### Work to be completed
Please return the data word for word and leave out any picture it contains.

### Data block

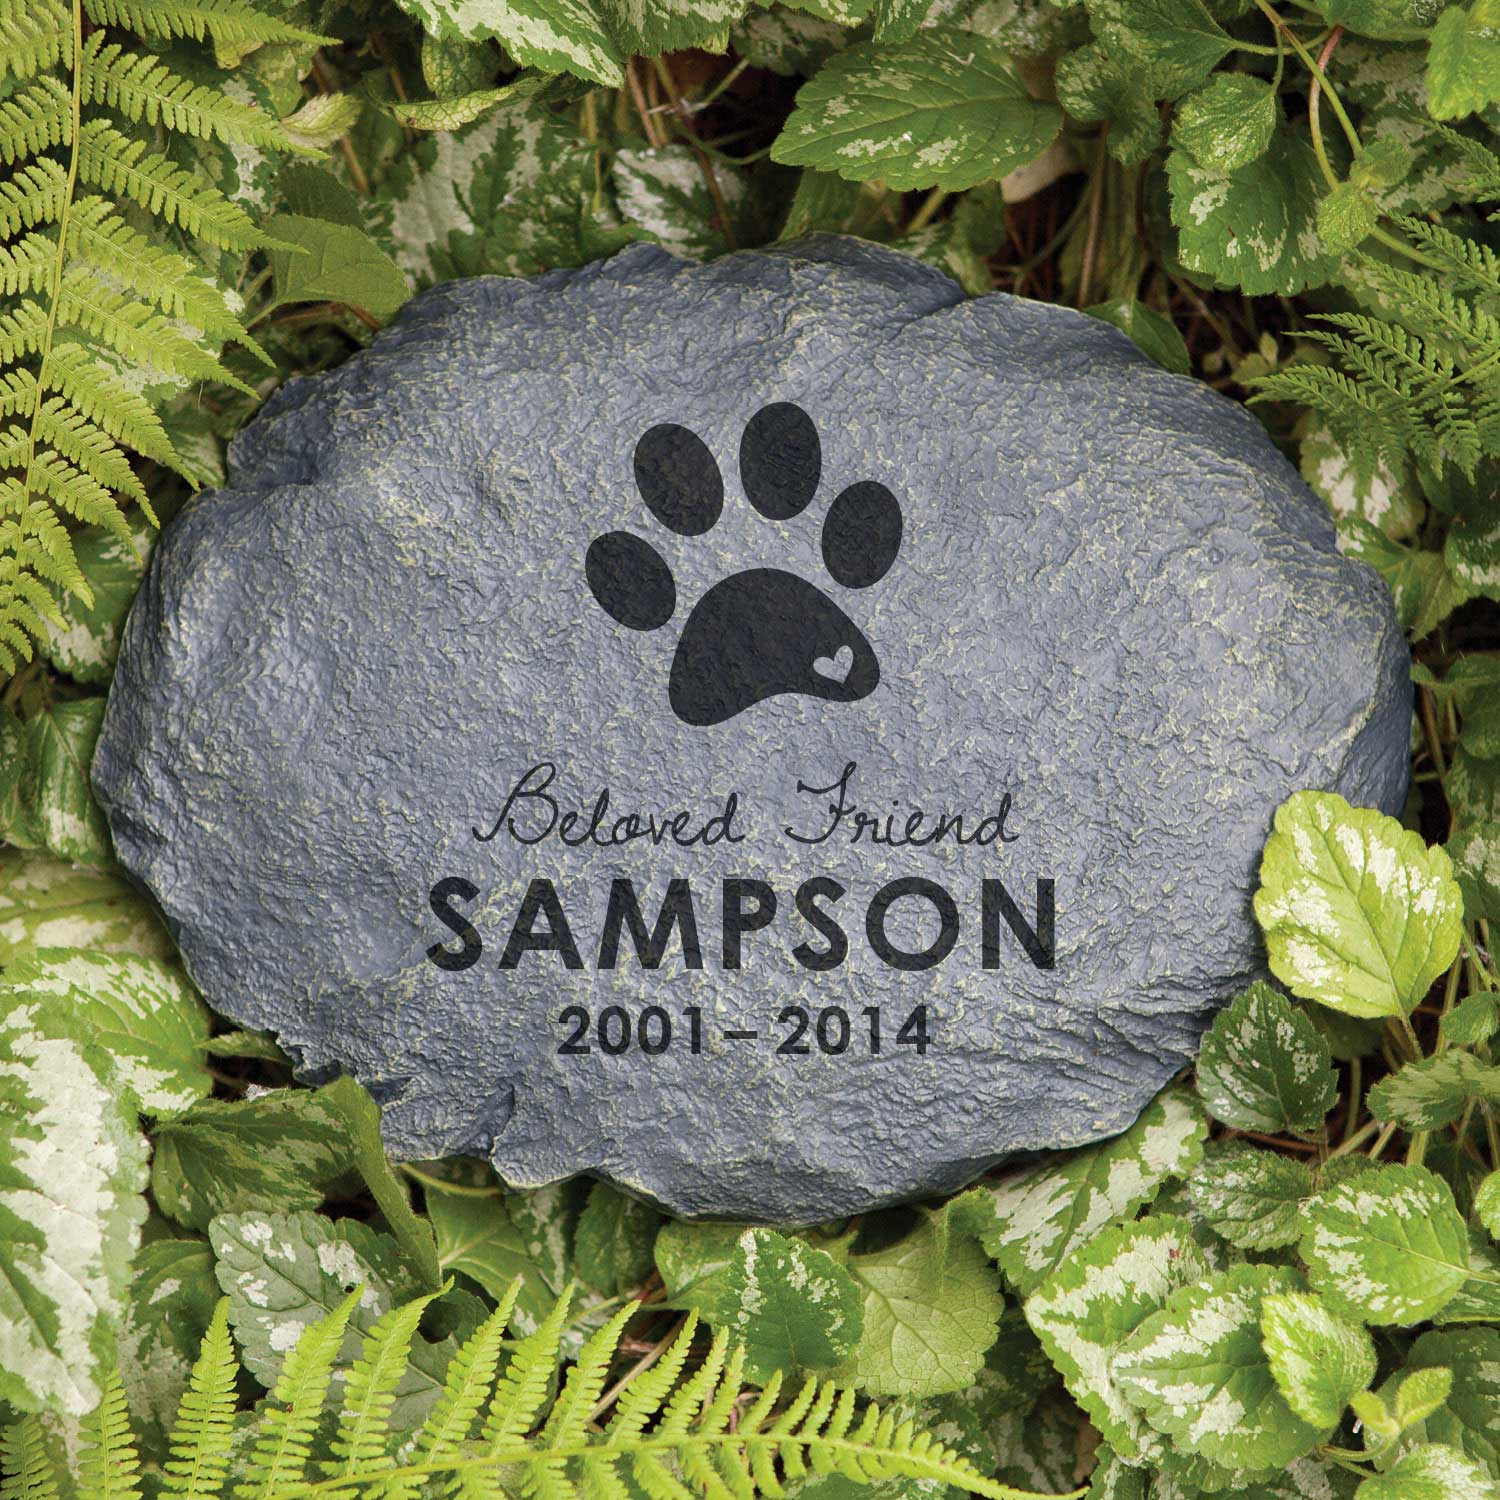 Beloved Friend Personalized Dog Memorial Garden Stone
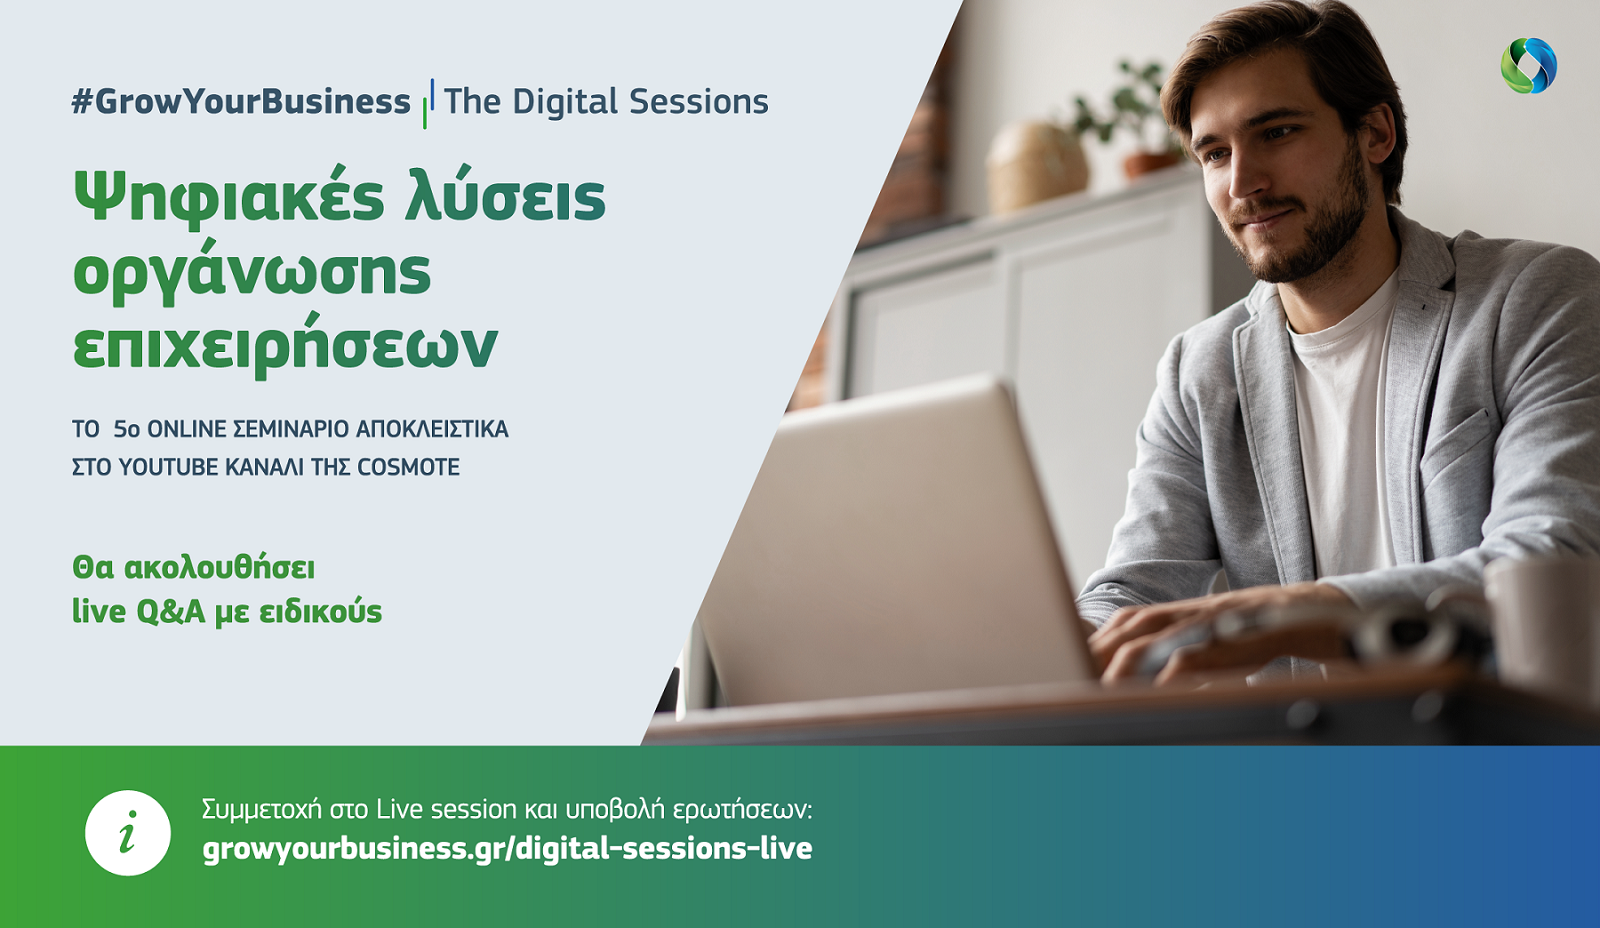 Μάθε για τις ψηφιακές λύσεις οργάνωσης επιχειρήσεων μέσα από την 5η ενότητα του #GrowYourBusiness – The Digital Sessions
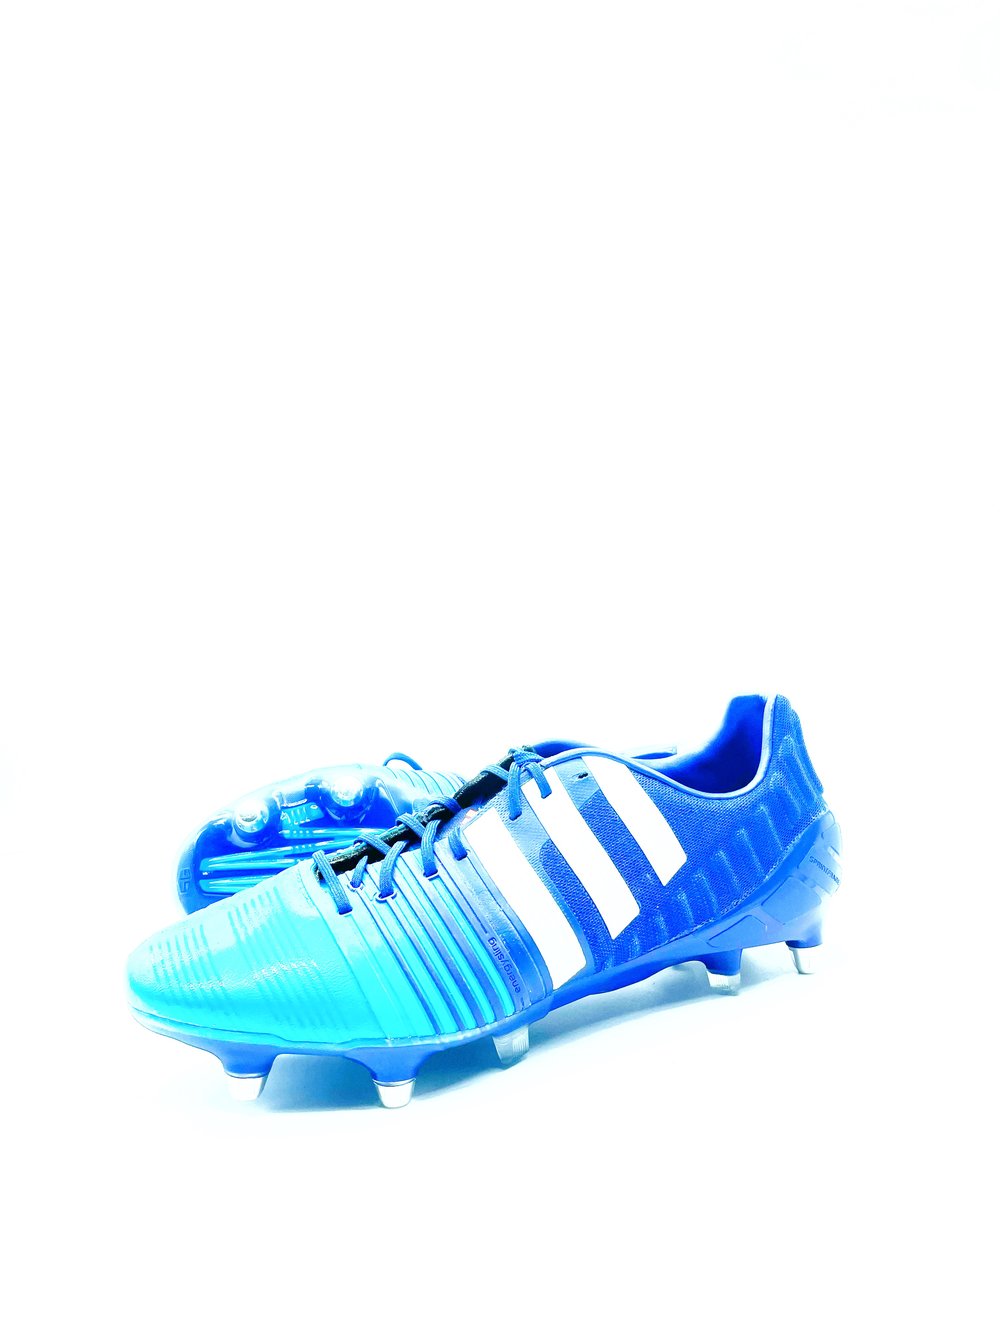 Image of Adidas Nitrocharge blue 1.0 SG 
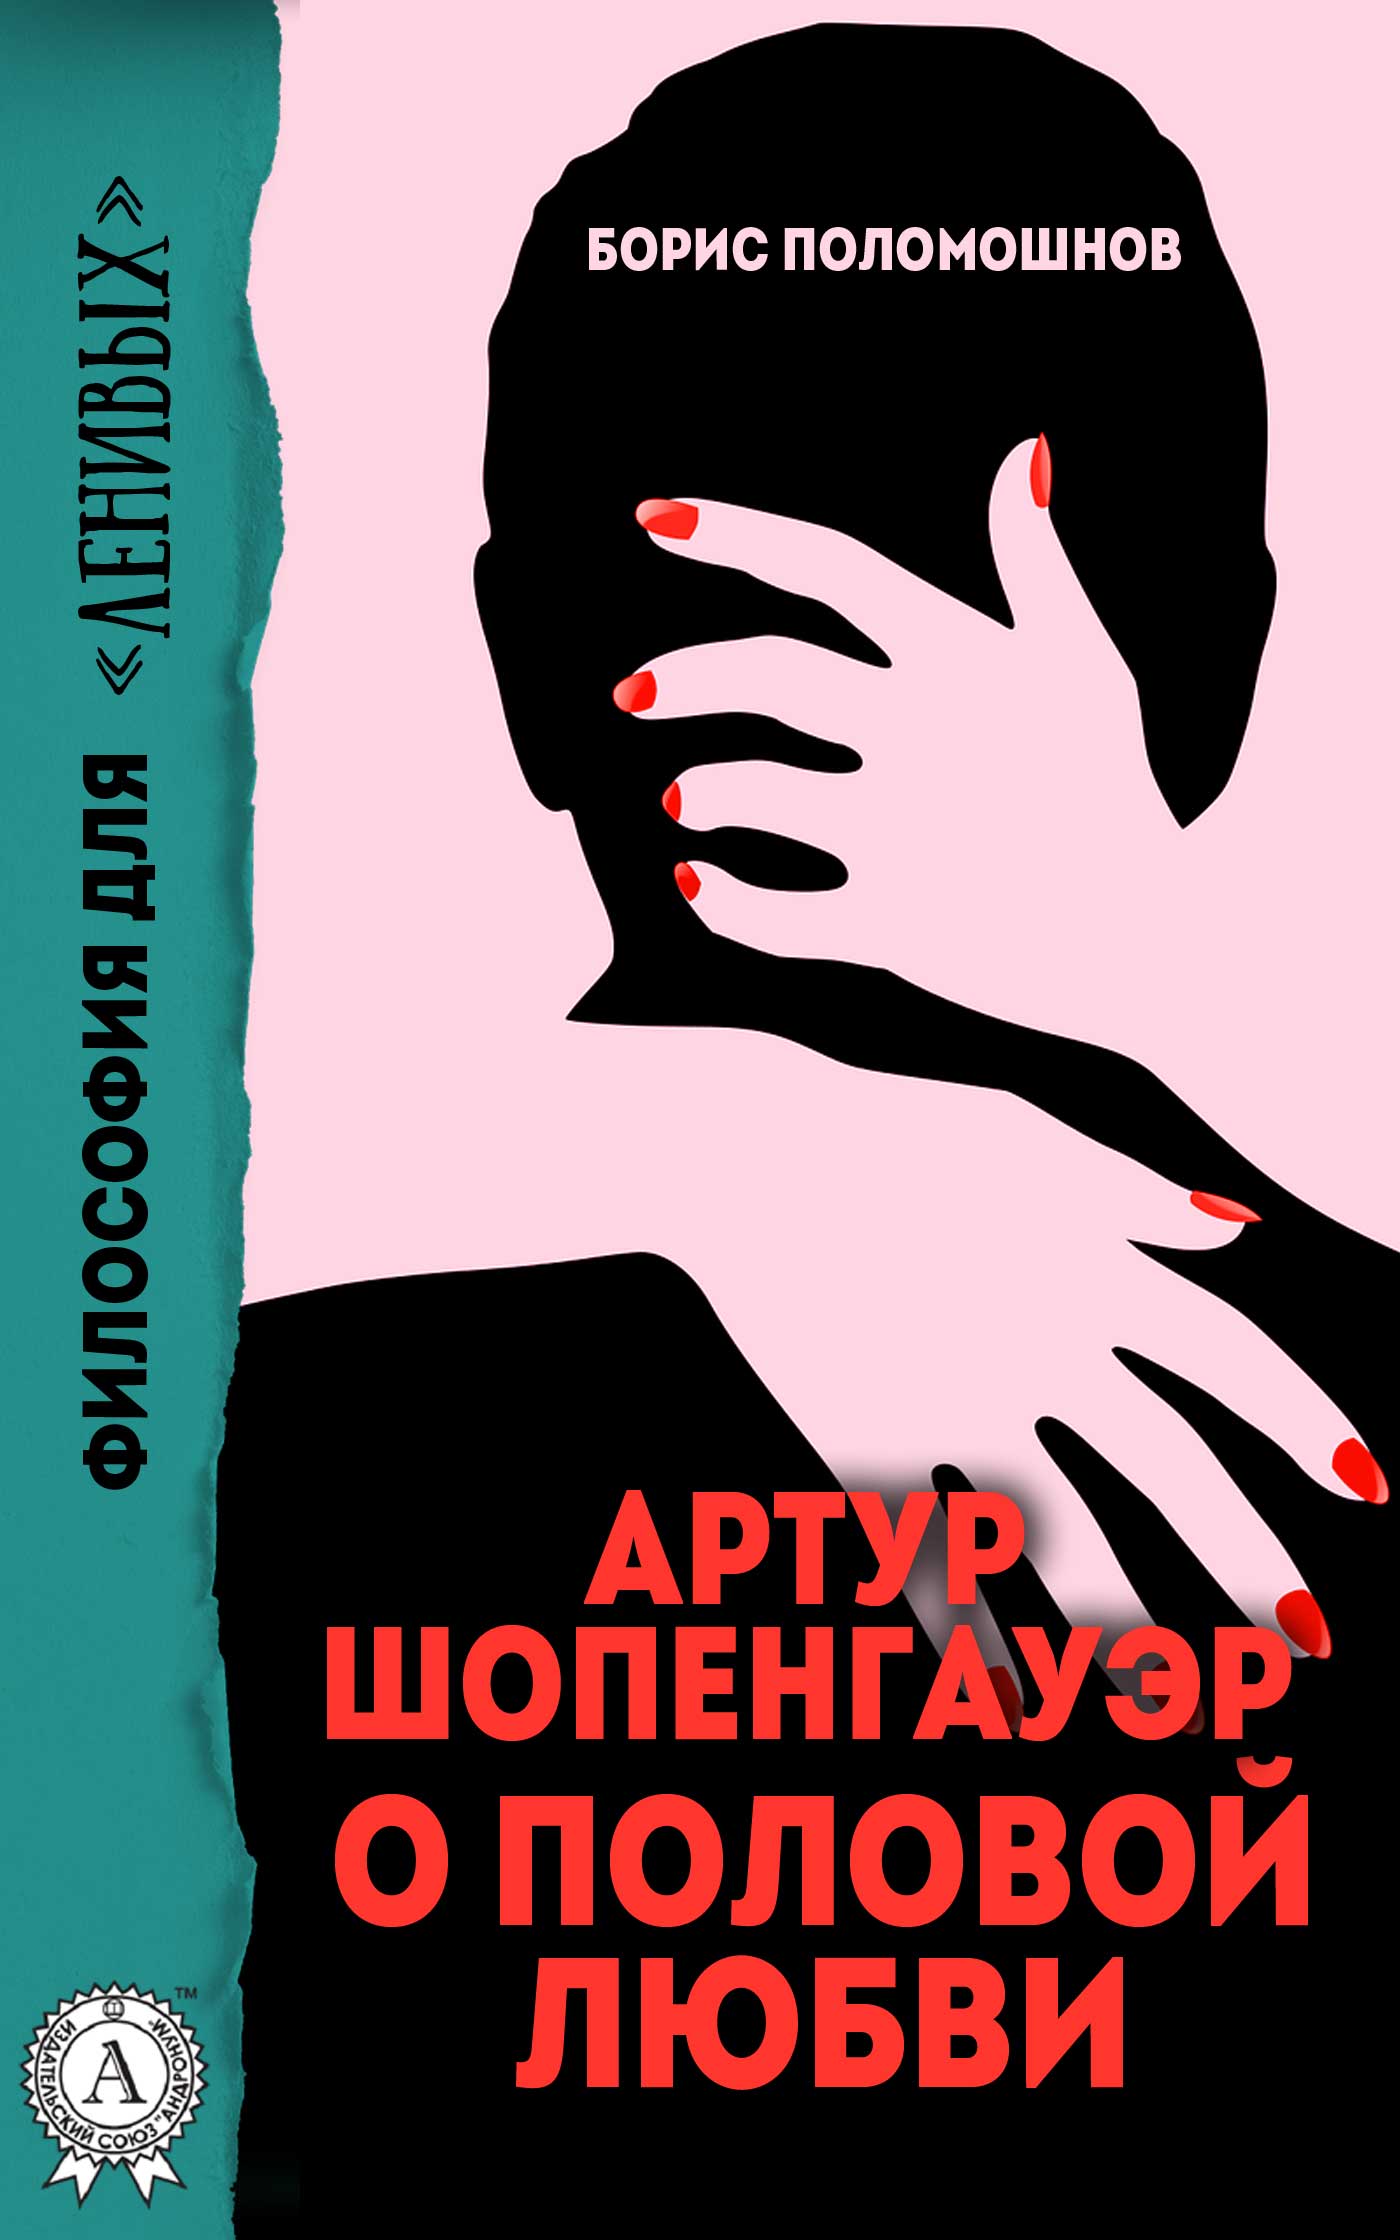 Книга Артур Шопенгауэр о половой любви из серии , созданная Борис Поломошнов, может относится к жанру Философия. Стоимость книги Артур Шопенгауэр о половой любви  с идентификатором 28719559 составляет 149.00 руб.

### Solution to the problem
 Beloved Friend Personalized Dog Memorial Garden Stone
 Μάθε για τις ψηφιακές λύσεις οργάνωσης επιχειρήσεων μέσα από την 5η ενότητα του #GrowYourBusiness – The Digital Sessions
 Image of Adidas Nitrocharge blue 1.0 SG 
 Книга Артур Шопенгауэр о половой любви из серии , созданная Борис Поломошнов, может относится к жанру Философия. Стоимость книги Артур Шопенгауэр о половой любви  с идентификатором 28719559 составляет 149.00 руб.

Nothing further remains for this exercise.